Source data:
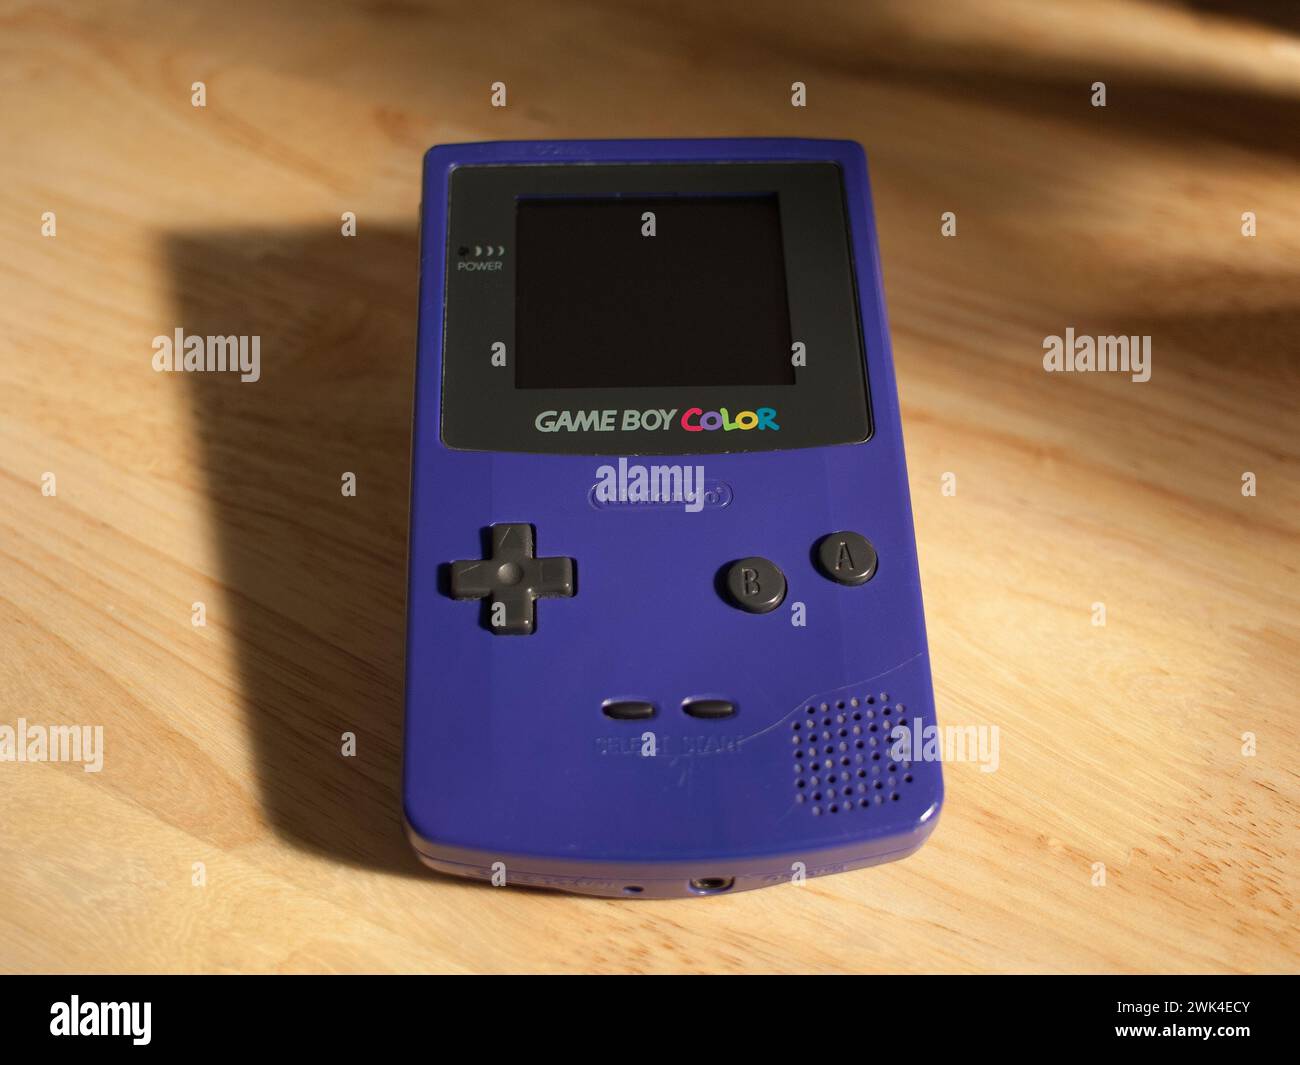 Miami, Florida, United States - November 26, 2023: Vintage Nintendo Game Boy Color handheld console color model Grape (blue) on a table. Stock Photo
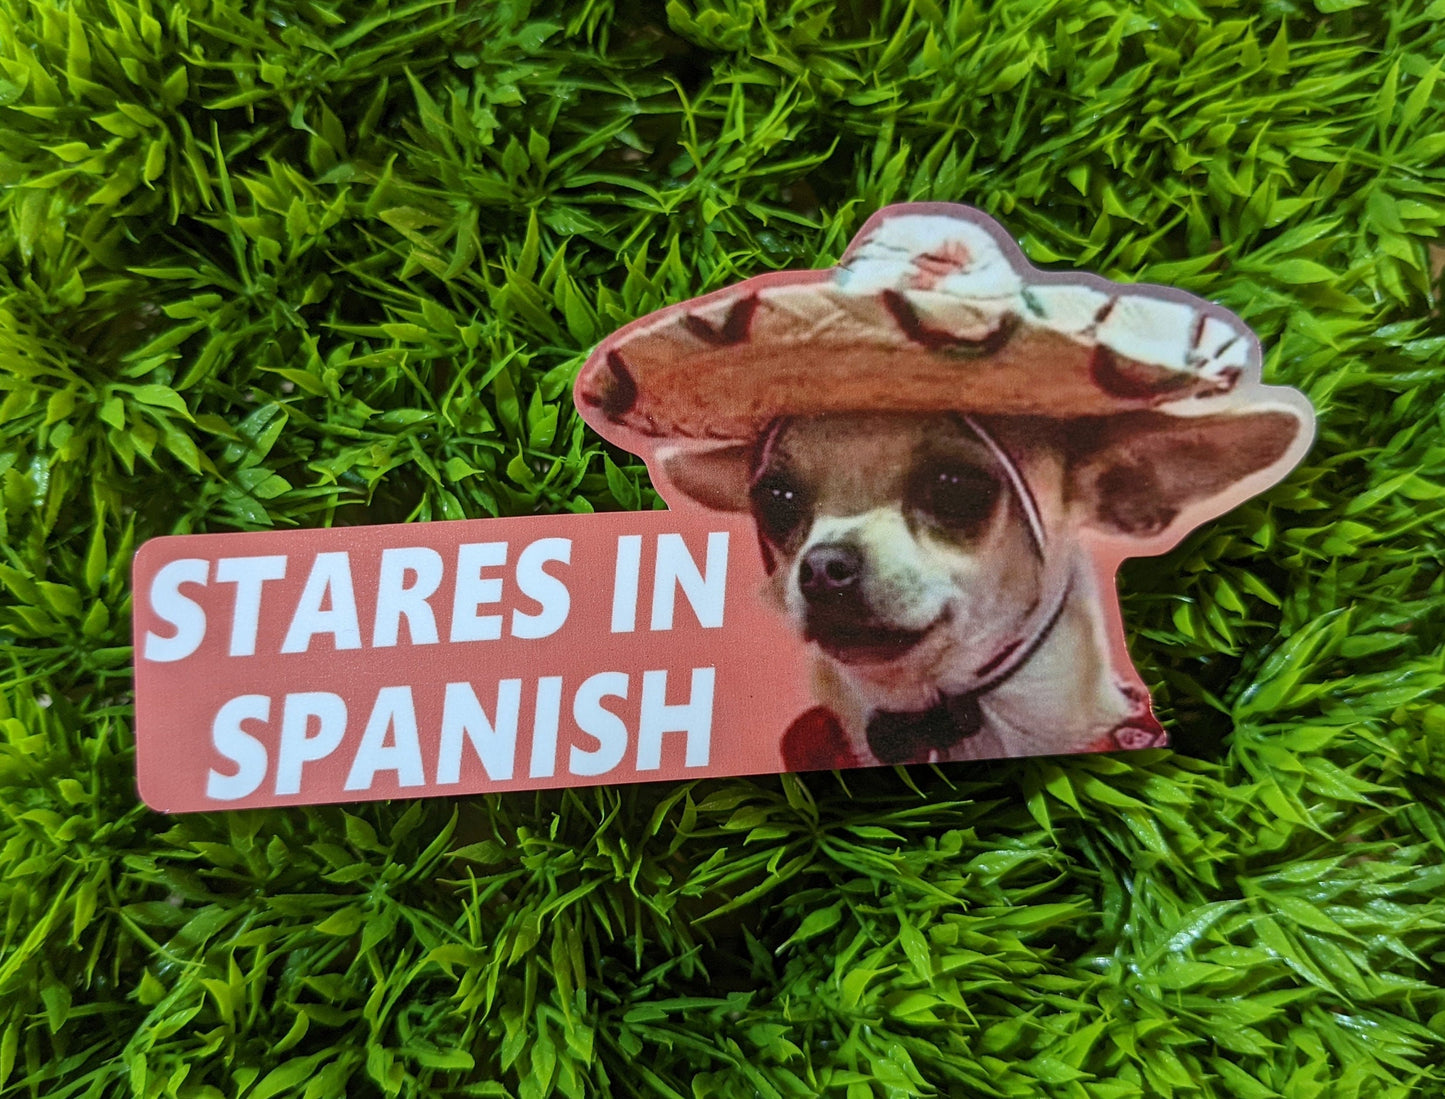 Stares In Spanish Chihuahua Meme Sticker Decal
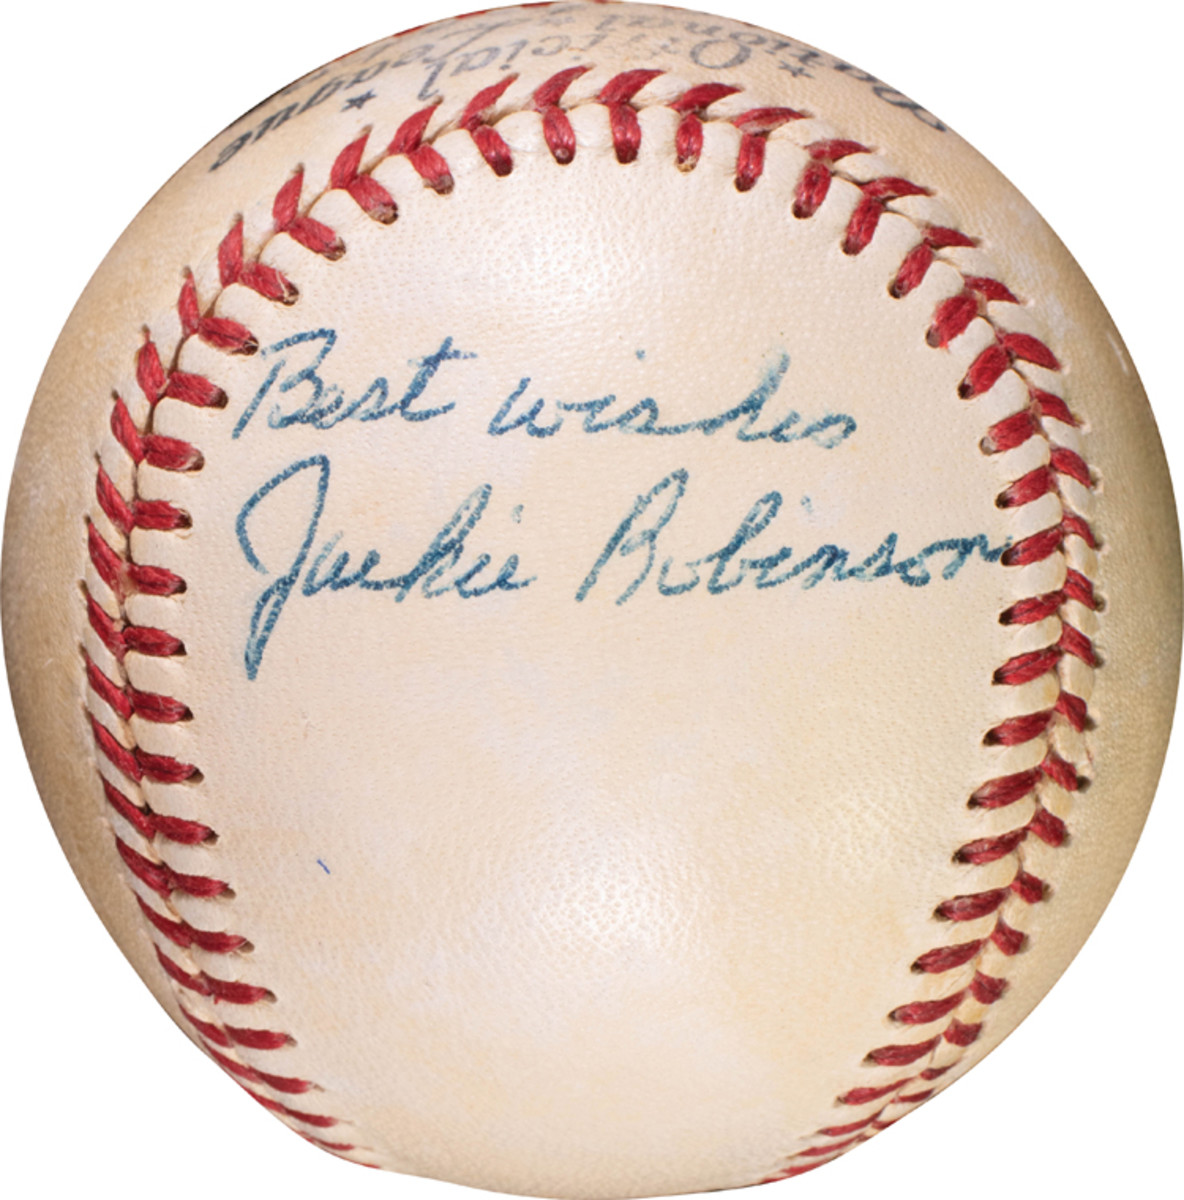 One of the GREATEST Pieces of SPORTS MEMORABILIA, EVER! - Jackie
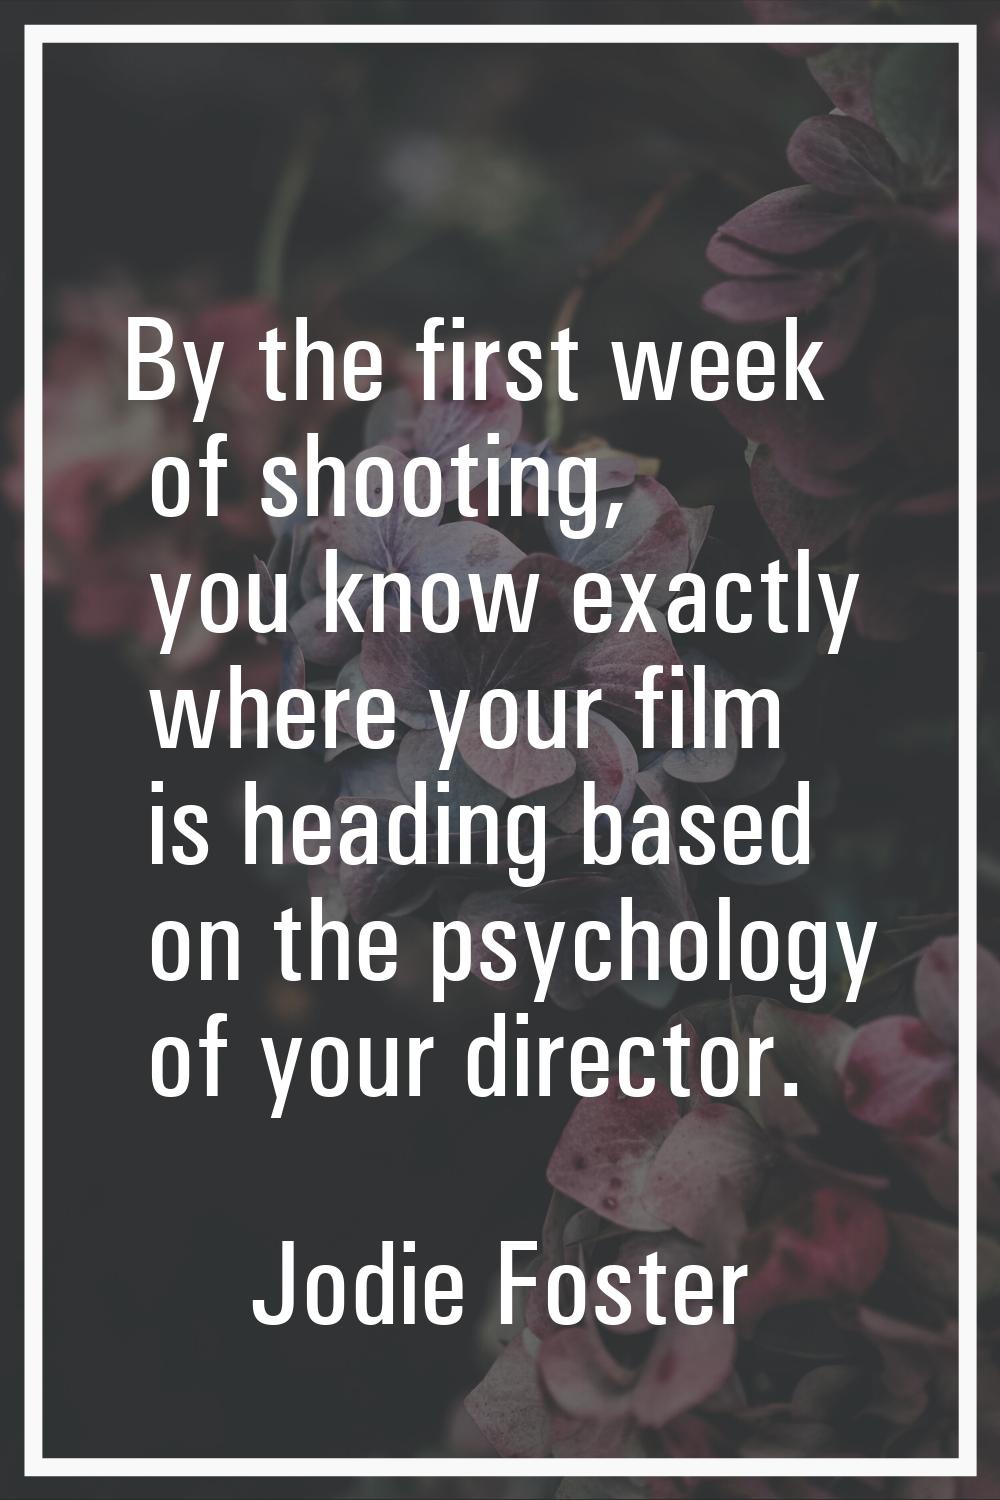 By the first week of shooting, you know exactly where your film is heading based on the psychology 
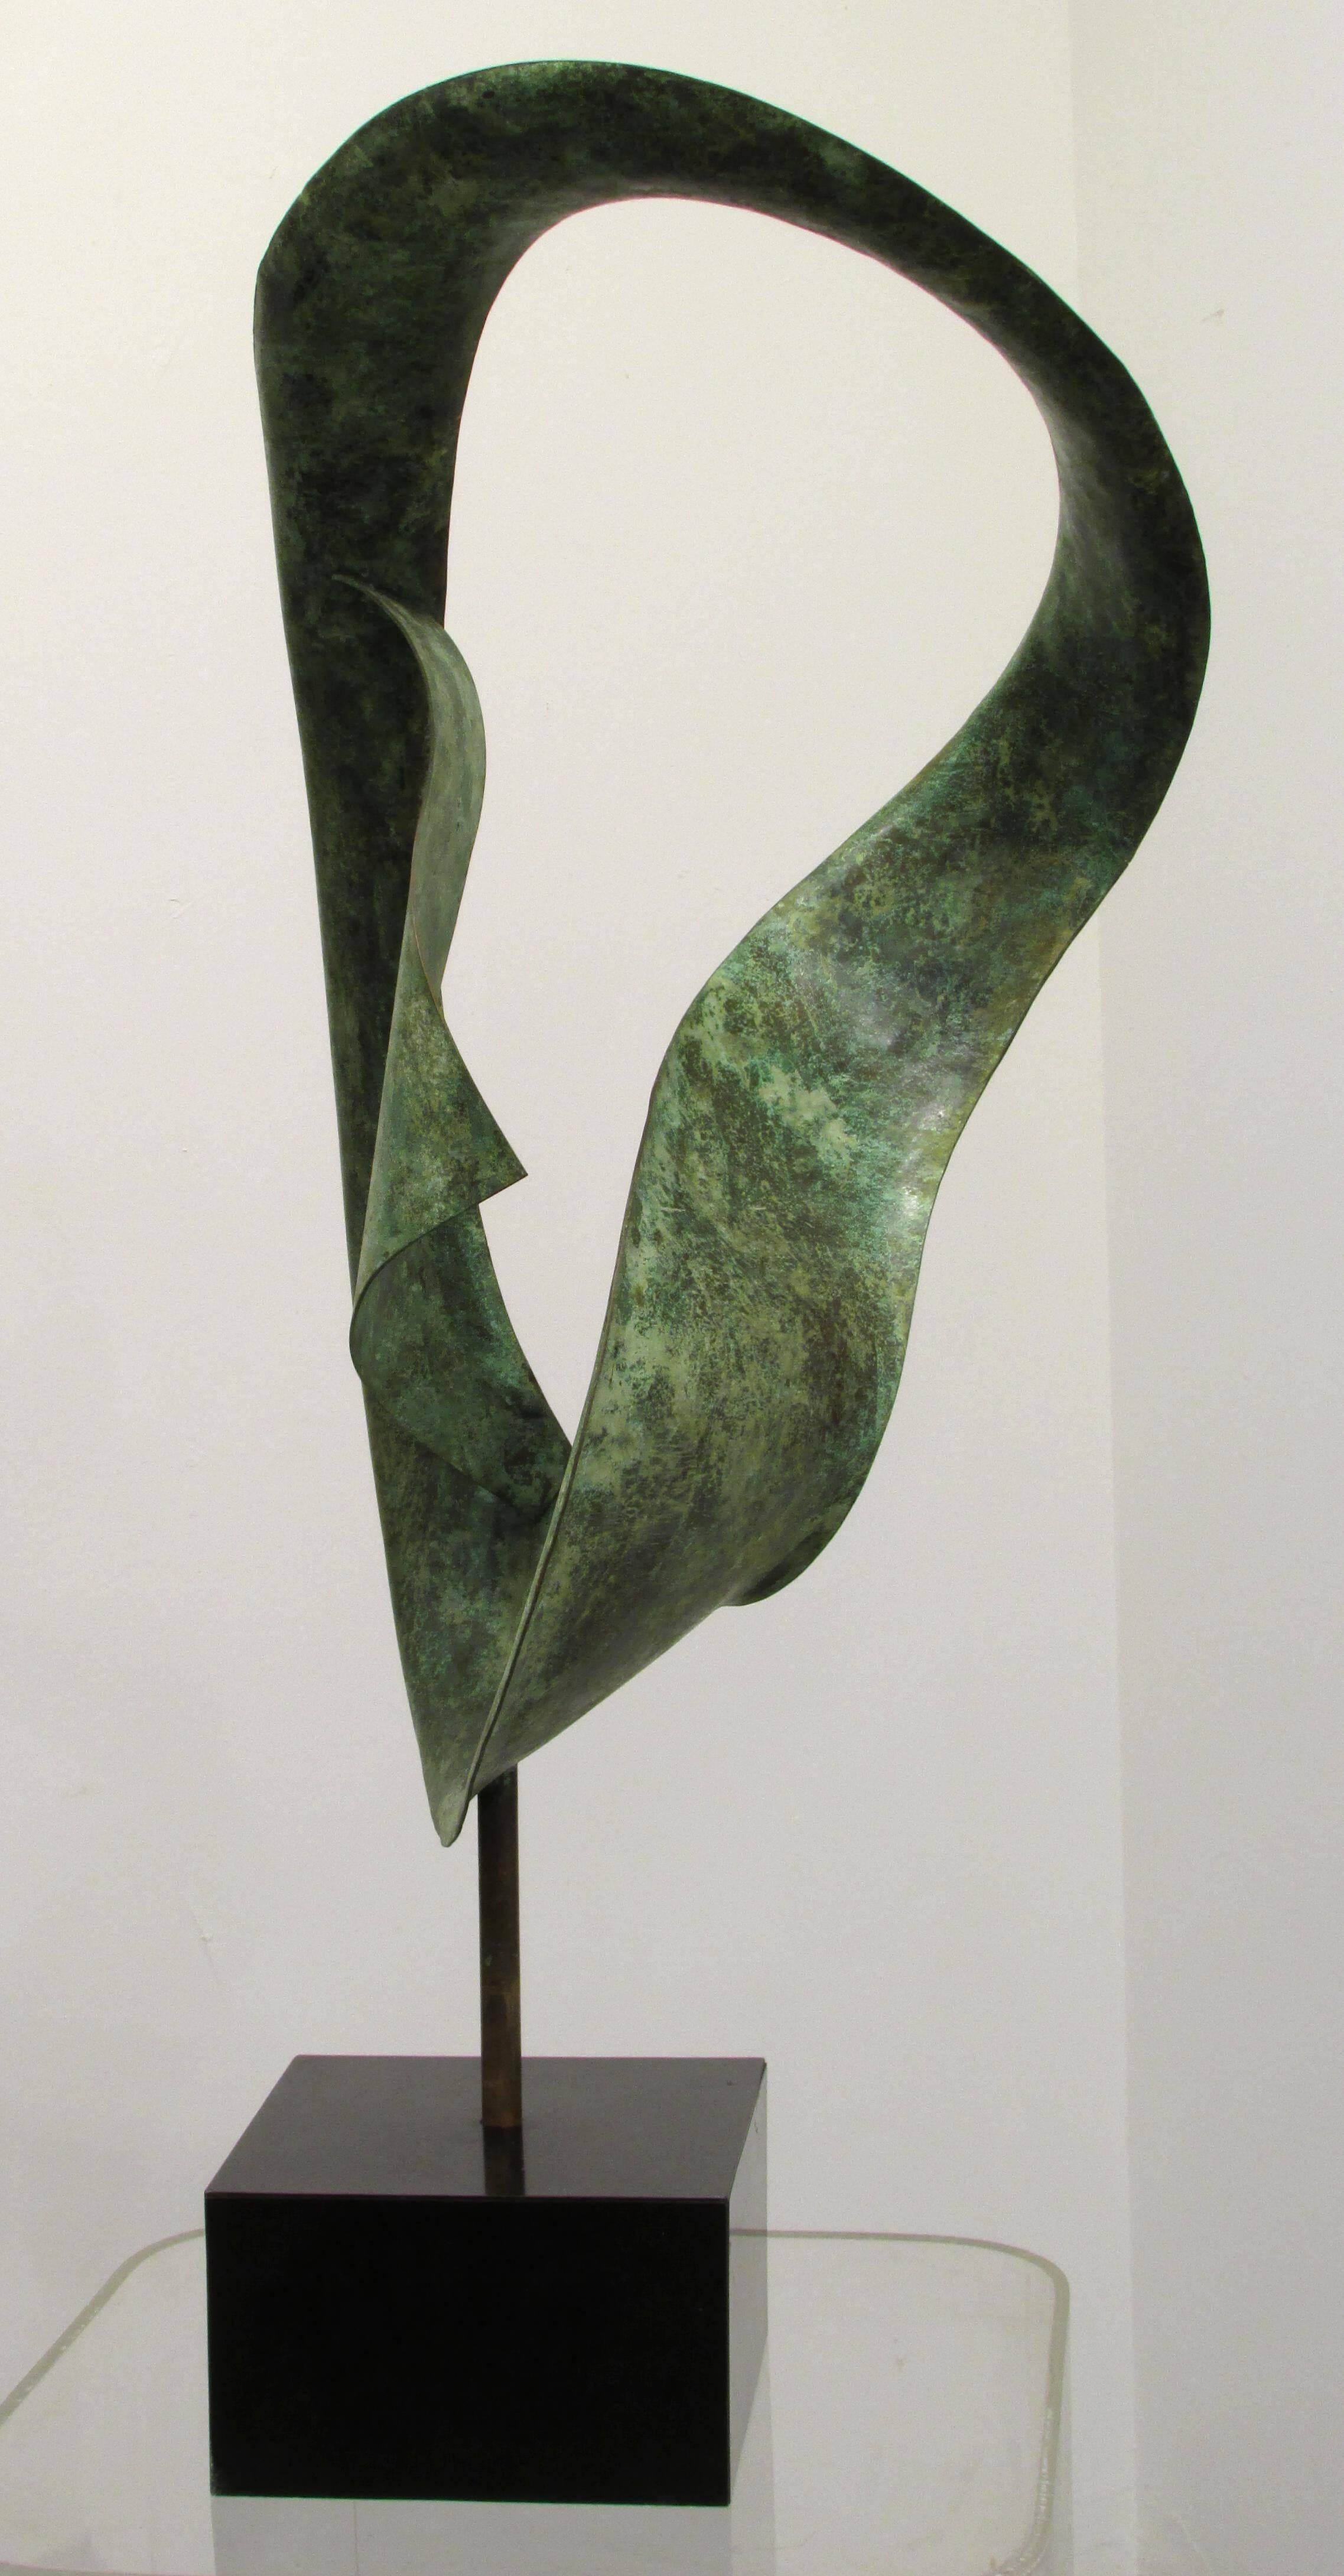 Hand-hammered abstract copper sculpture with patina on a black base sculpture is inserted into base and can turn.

▶ Activity
Give back exactly the lines from the line with "By the first" through the final line of the entries above, and keep pictures out of the copy.

▶ Output for this exercise
 By the first week of shooting, you know exactly where your film is heading based on the psychology 
 Hand-hammered abstract copper sculpture with patina on a black base sculpture is inserted into base and can turn.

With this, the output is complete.